**WORK INSTRUCTION:** Transcribe the listing exactly as written. Leave the images out.

[[ DATASET SECTION, beginning ]]

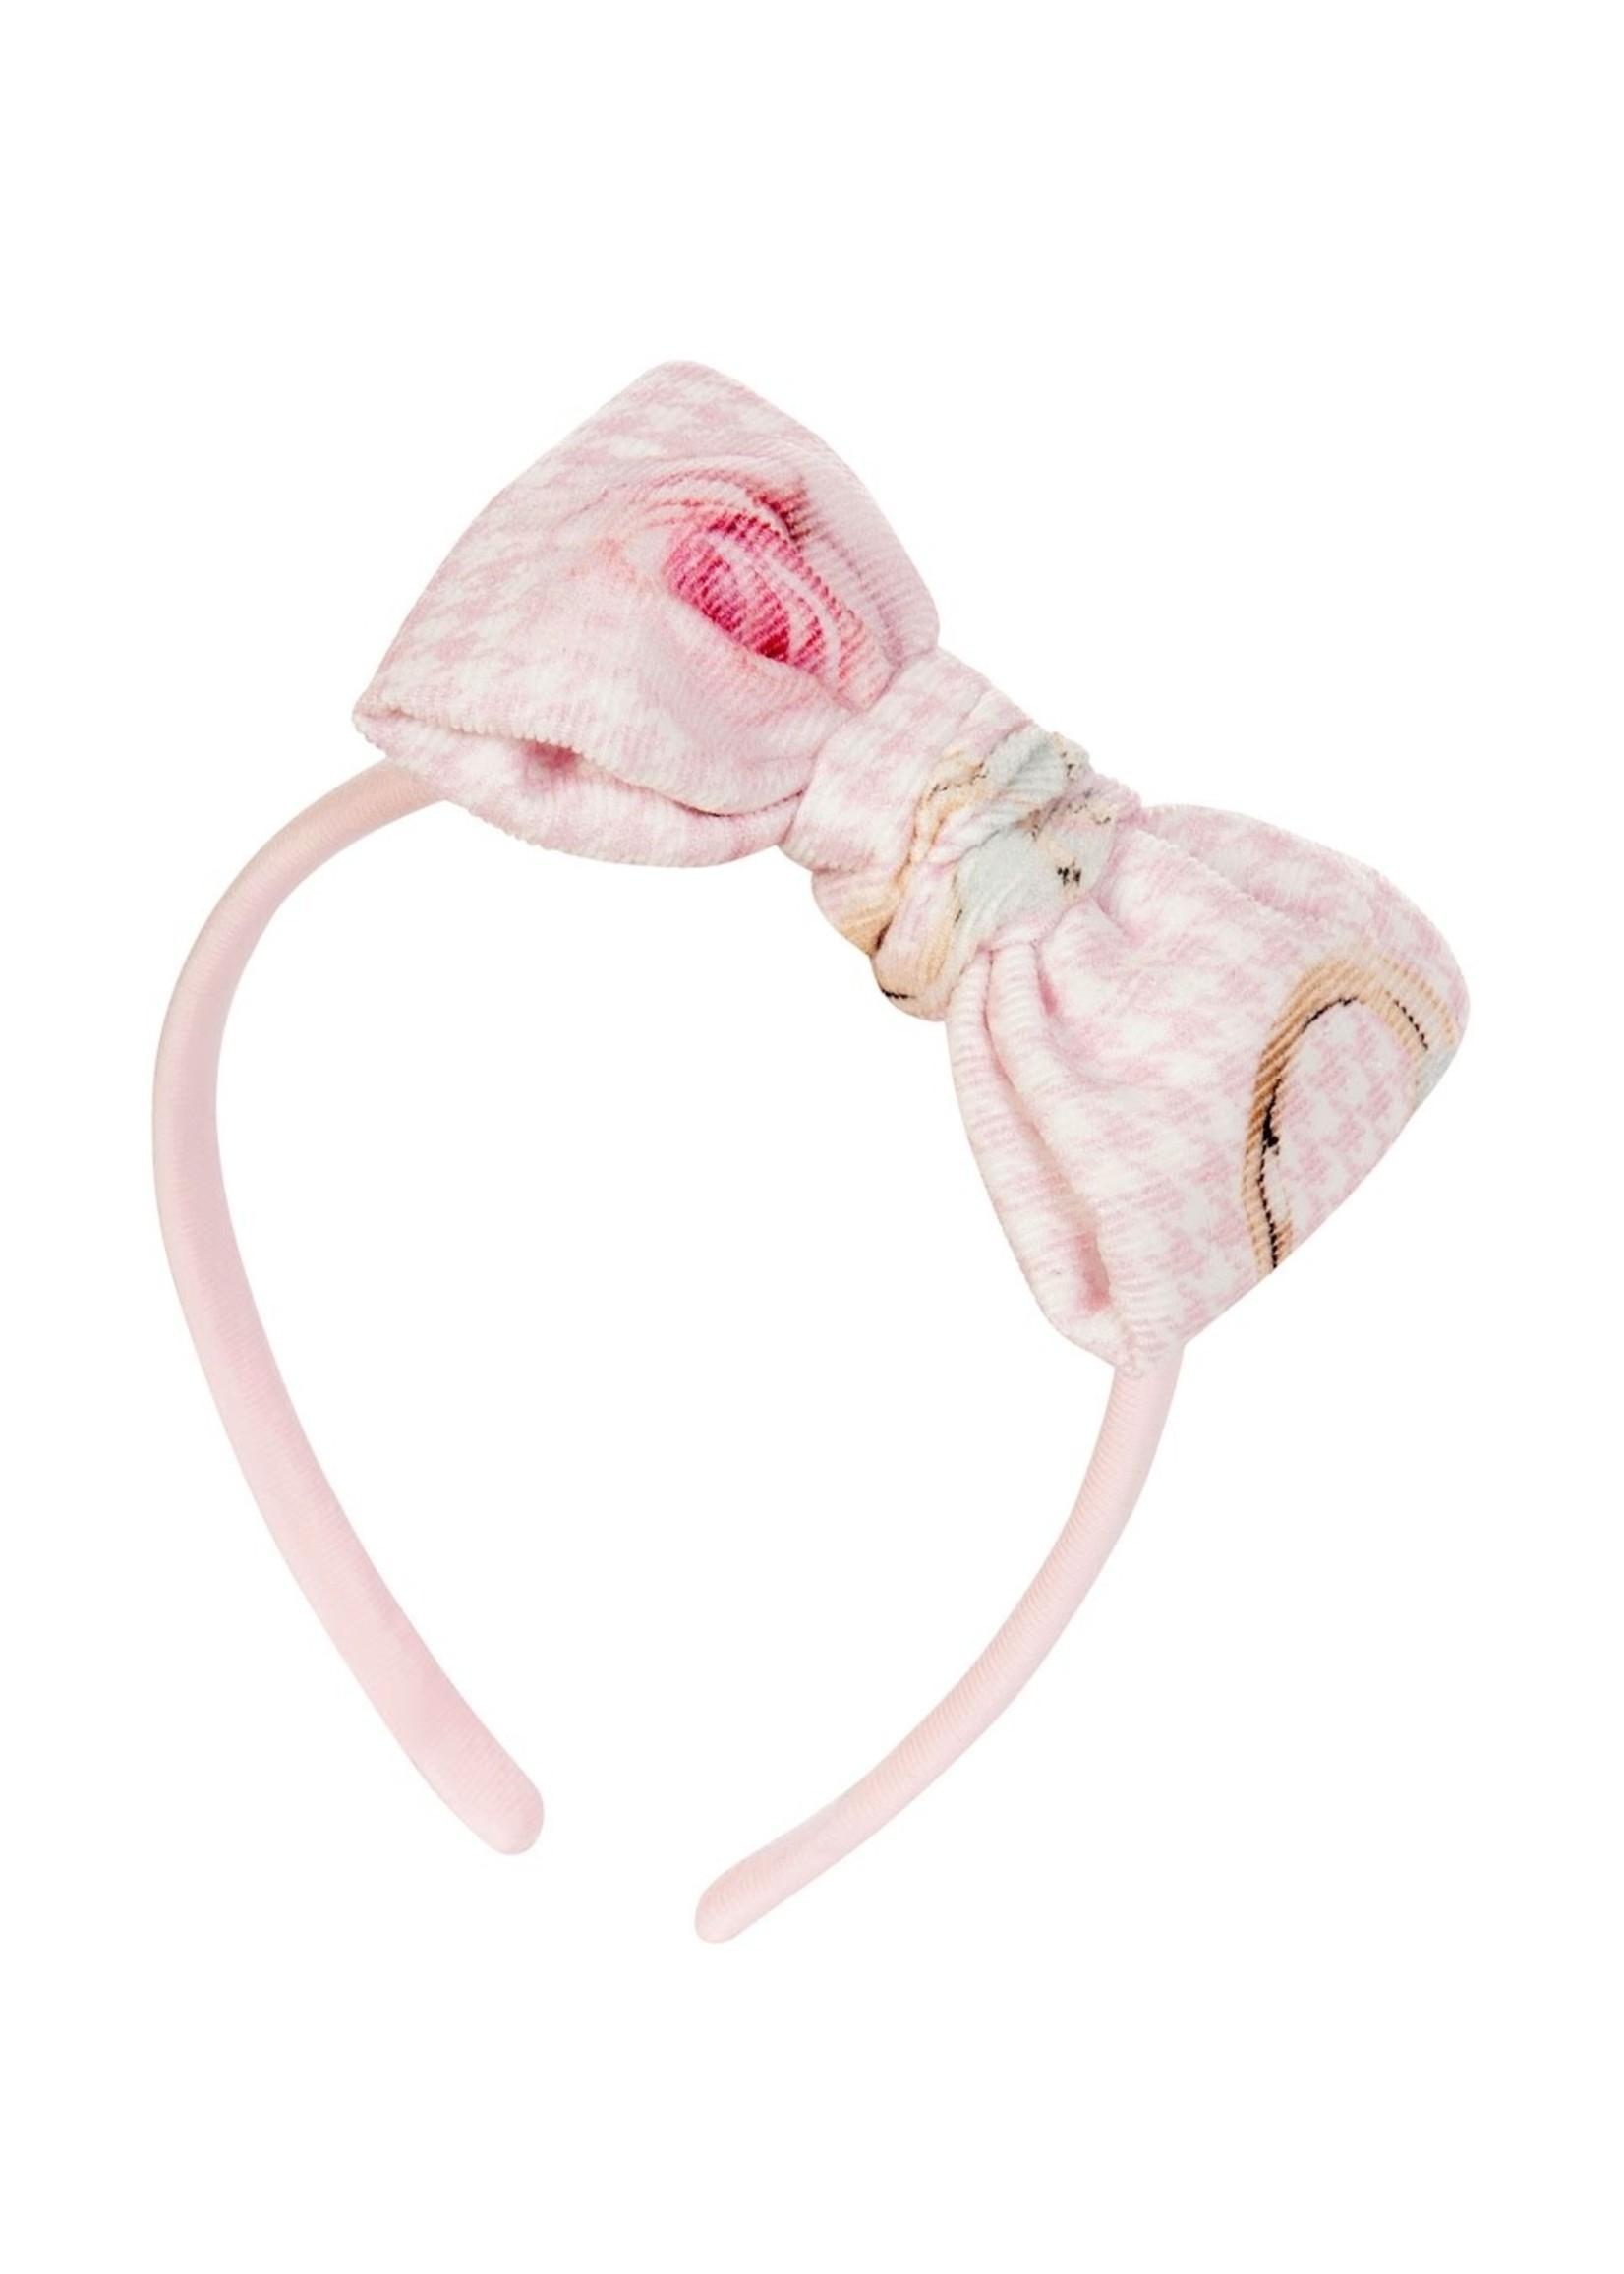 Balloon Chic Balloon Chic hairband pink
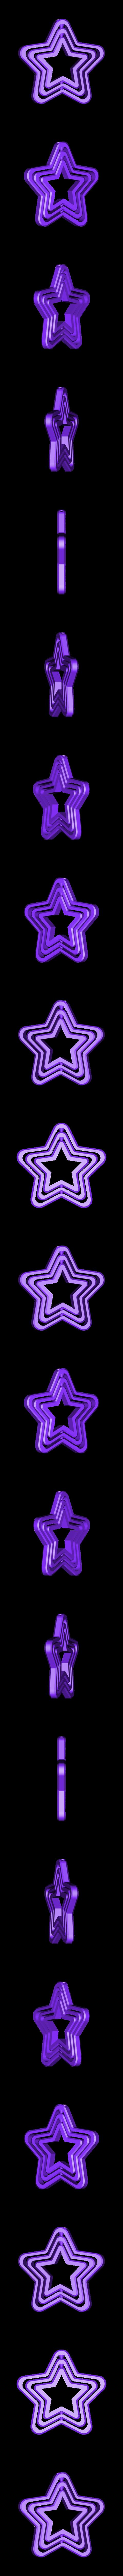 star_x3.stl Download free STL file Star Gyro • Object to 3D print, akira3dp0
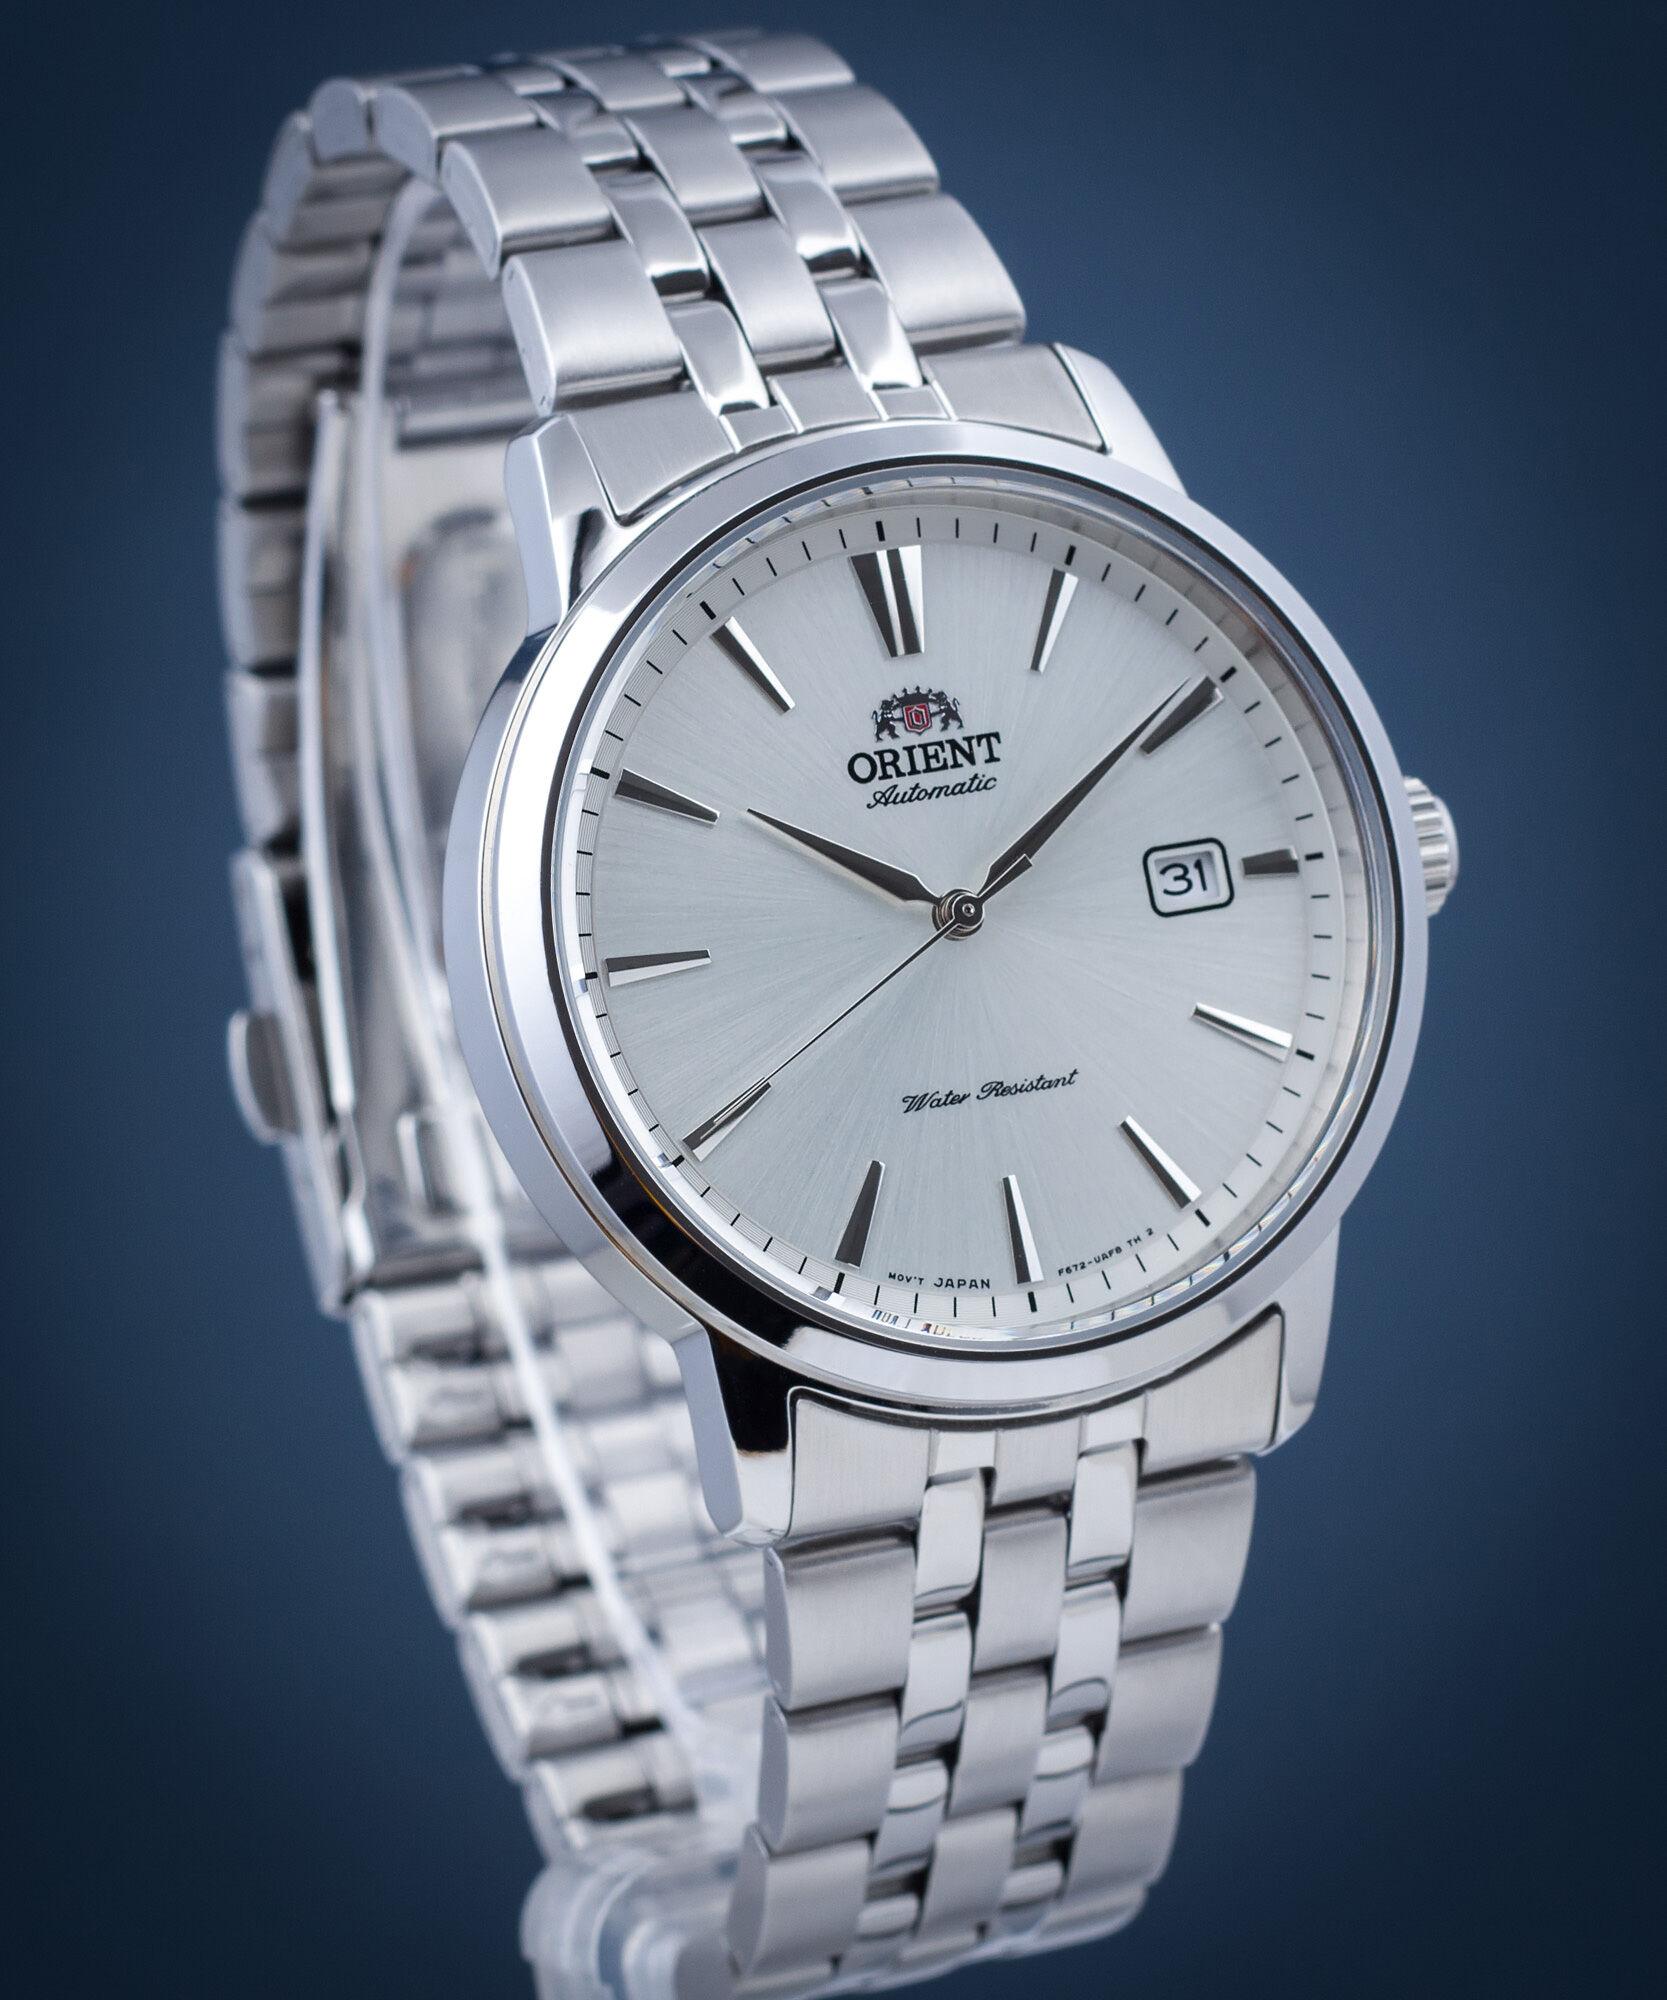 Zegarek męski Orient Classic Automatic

[[ DATASET SECTION, end ]]

**RESPONSE BOX:**
 Balloon Chic Balloon Chic hairband pink
 star_x3.stl Download free STL file Star Gyro • Object to 3D print, akira3dp0
 Zegarek męski Orient Classic Automatic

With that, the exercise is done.